Large mixed-media drawings by Susan Calza




BYE BYE BdG by Susan Calza, ink on mylar, 96” x 36#

On view February 3- March 25, 2022


Gallery Hours:
Fridays 11am - 6pm
Saturdays 11am - 6pm
By appointment: susancalza@gmail.com

I’m looking at this work from the distance of time, of a decade ago.

I had spent 3 months in Nepal on two occasions and in retrospect I see how deeply influenced I was by the fluidity of that culture’s relationship to living and dying.

The visual and hyper religious vibrancy was often overwhelming but it was the most intimate things that remain in my mind.  Tiny puja offerings were everywhere, on every street corner in Kathmandu.  Seemingly insignificant smears of pigment were pressed into the cracks of crumbling 15th century buildings.  Grains of rice mixed with marigold leaves were meticulously laid along the decaying corpse of a mouse. 

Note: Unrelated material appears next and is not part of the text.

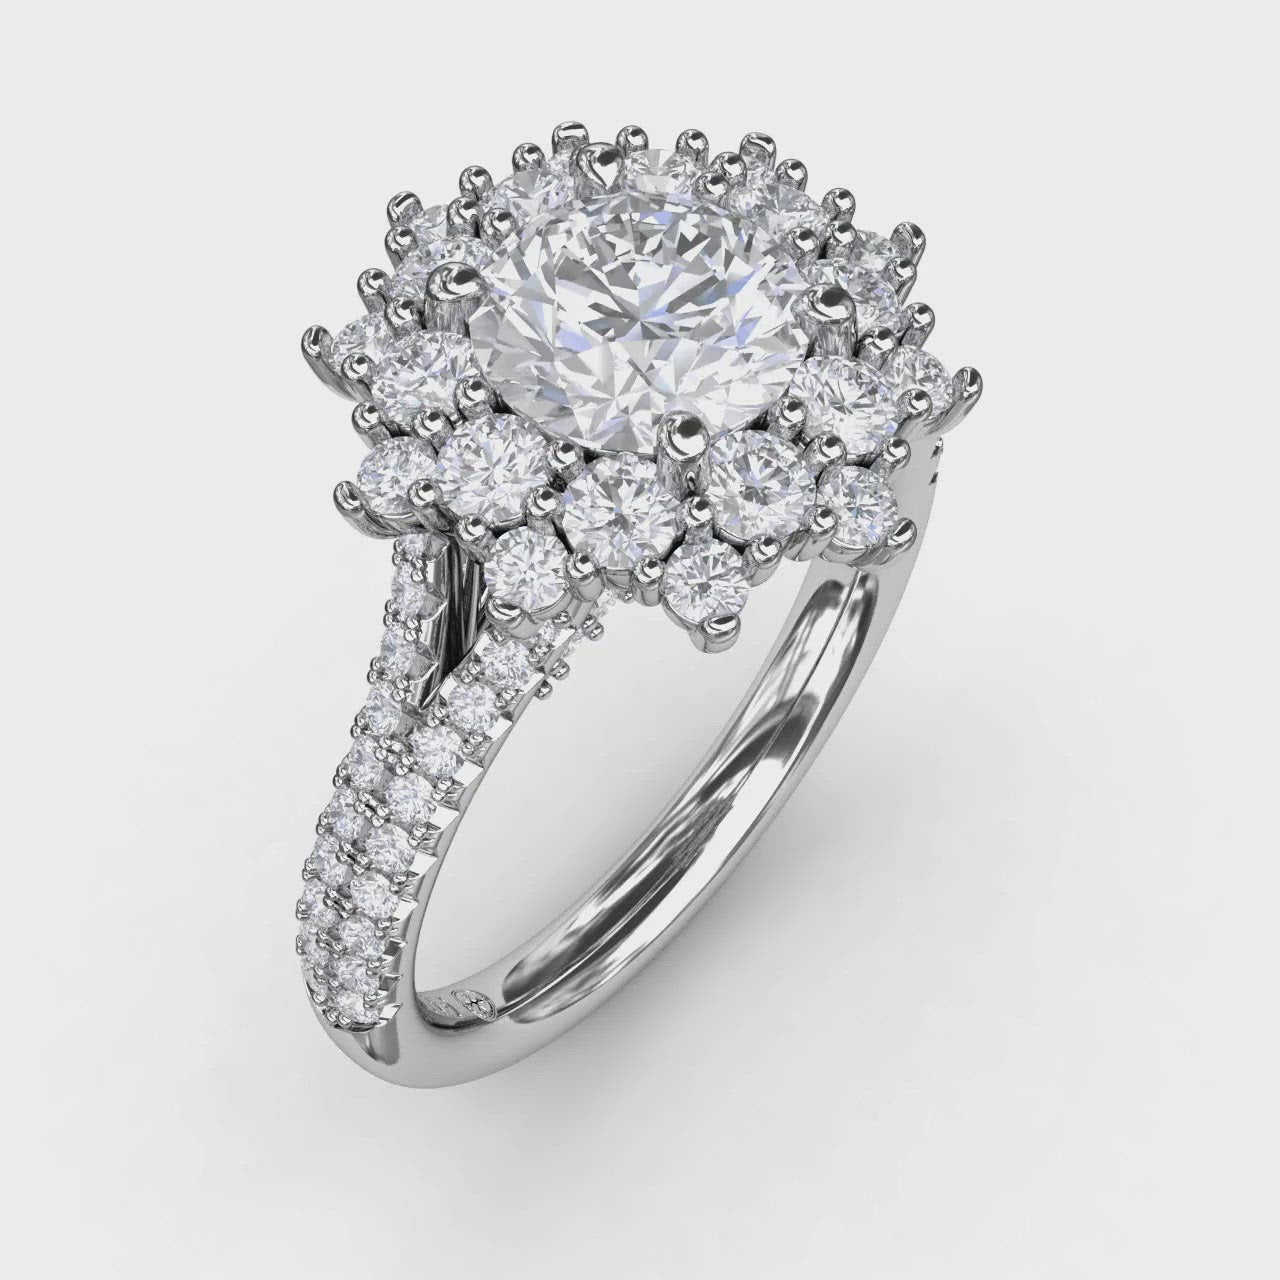 DeBeers Latest Engagement Ring Collection Comes From Ten Contemporary  Jewelry Designers | Vogue

These humble shrines were the undercurrent of life honoring intimacy with death.

They were repeated over and over by generations of fingers mixing ochre and red earth pigments with prayer.

Durga is respected as an honored and vengeful goddess.  She requires sacrifice and yet she gives life as freely as she takes it.

My young Newari friend’s mother had died 6 months before and he went out of his way to walk me to her cremation site.  It was along the river as all of these sites are.

He showed me the fire of grief in his paintings with no trace of self consciousness or embarrassment.  

He spoke of offering the devastation of his loss to the dark waters of what appeared to me, a polluted river.

He mother’s ashes were dissolved in that slowly moving water, away from the living, after the funeral pyre had done its work.

Looking at this work now I think “of course, yes”… my life is changed and changing by this intimacy as I enter my seventh decade.